AIM ImmunoTech Provides Summary of Ampligen® Data Supporting Synergistic Potential with Checkpoint Blockade Therapies
AIM ImmunoTech Inc. (NYSE: American AIM) (“AIM” or the “Company”), an immuno-pharma company focused on the research and development of therapeutics to treat multiple types of cancers, immune disorders, and viral diseases, including COVID-19, the disease caused by the SARS-CoV-2 virus, today provided a summary of clinical data that support the synergistic potential of Ampligen® (rintatolimod) with checkpoint blockade therapies.
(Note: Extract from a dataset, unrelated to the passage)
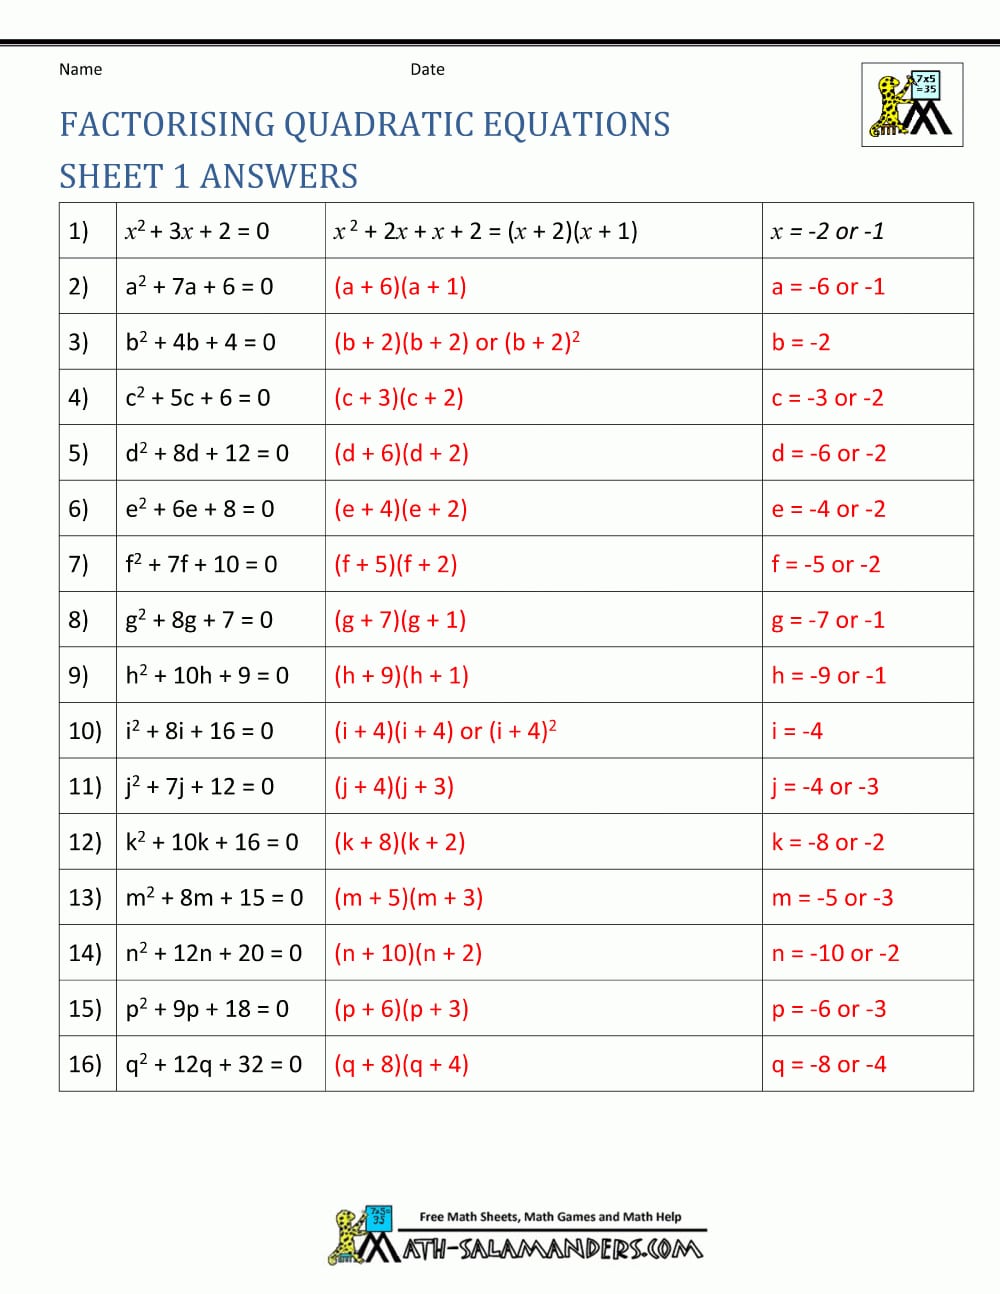 Factoring Quadratic Equations Along With Factoring Quadratics Worksheet Answers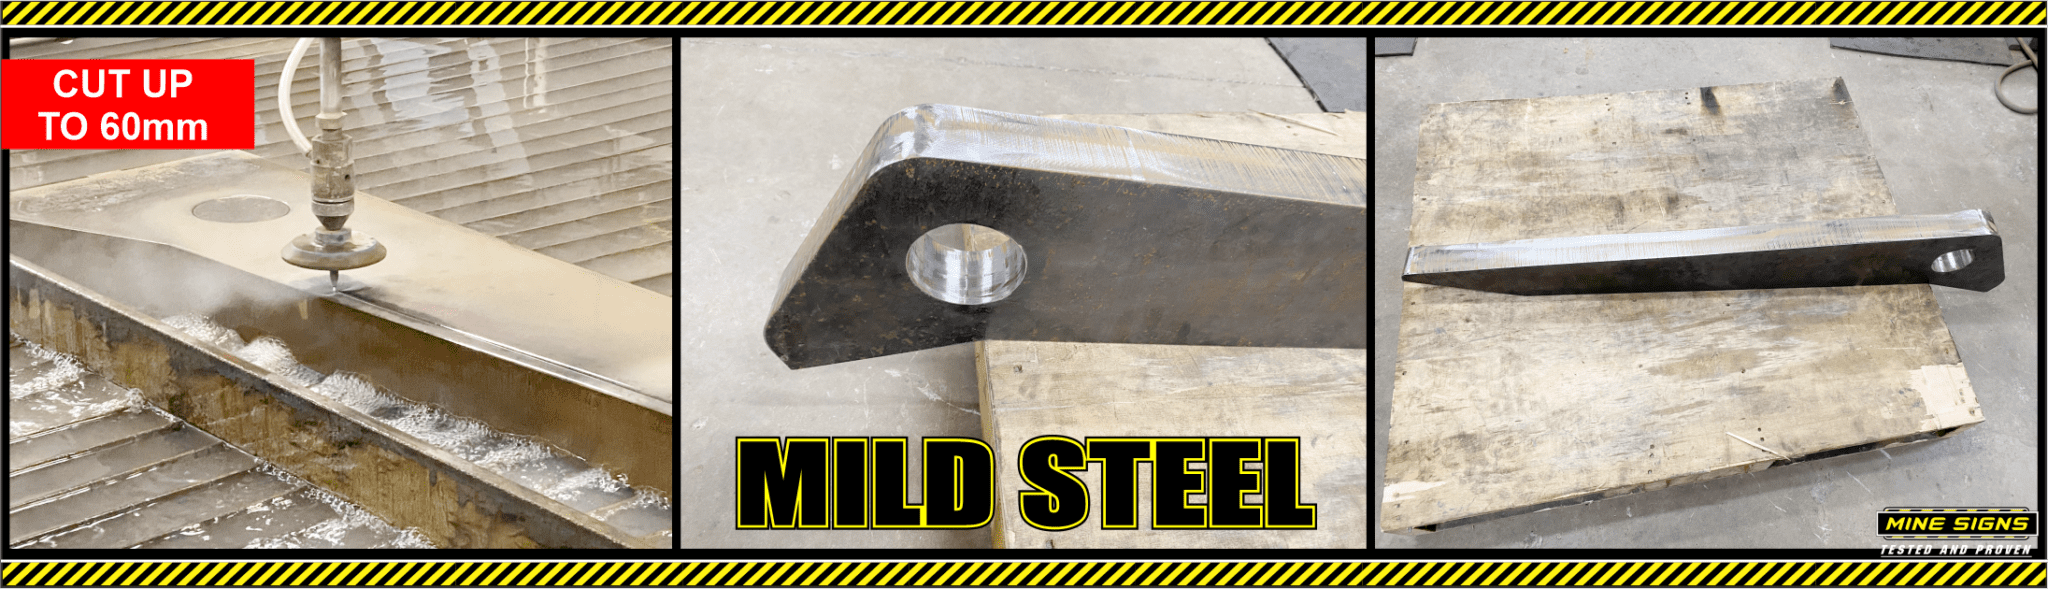 MS Banner - Homepage Mild Steel

Thomas Equels, Chief Executive Officer of AIM, commented, “We have amassed a growing body of encouraging Ampligen data to date through close collaborations with leading KOLs at preeminent institutions. These data have not only affirmed but significantly evolved our belief that Ampligen as a single agent therapy, as well as in combination with the latest powerful cancer therapies, has the potential to become a breakthrough therapy for some of the most difficult to treat and deadly cancers. We are going to continue working tirelessly to advance Ampligen towards approval and commercialization with the goal of bringing much needed hope to patients and solutions to treating physicians around the world.”

Ampligen is the Company’s dsRNA drug currently being developed for globally important cancers. Ampligen has shown therapeutic synergy with checkpoint inhibitors, including increasing survival rates and efficacy, in the treatment of animal tumors when used in combination with checkpoint blockade therapies. The first detection of Ampligen’s synergistic potential with checkpoint blockade therapeutics was witnessed in pre-clinical mouse models of melanoma and pancreatic cancers. Additionally, the Company now has data from two clinical studies — in advanced recurrent ovarian cancer and triple negative breast cancer — that indicate that the drug may have similar anti-tumor activity in humans.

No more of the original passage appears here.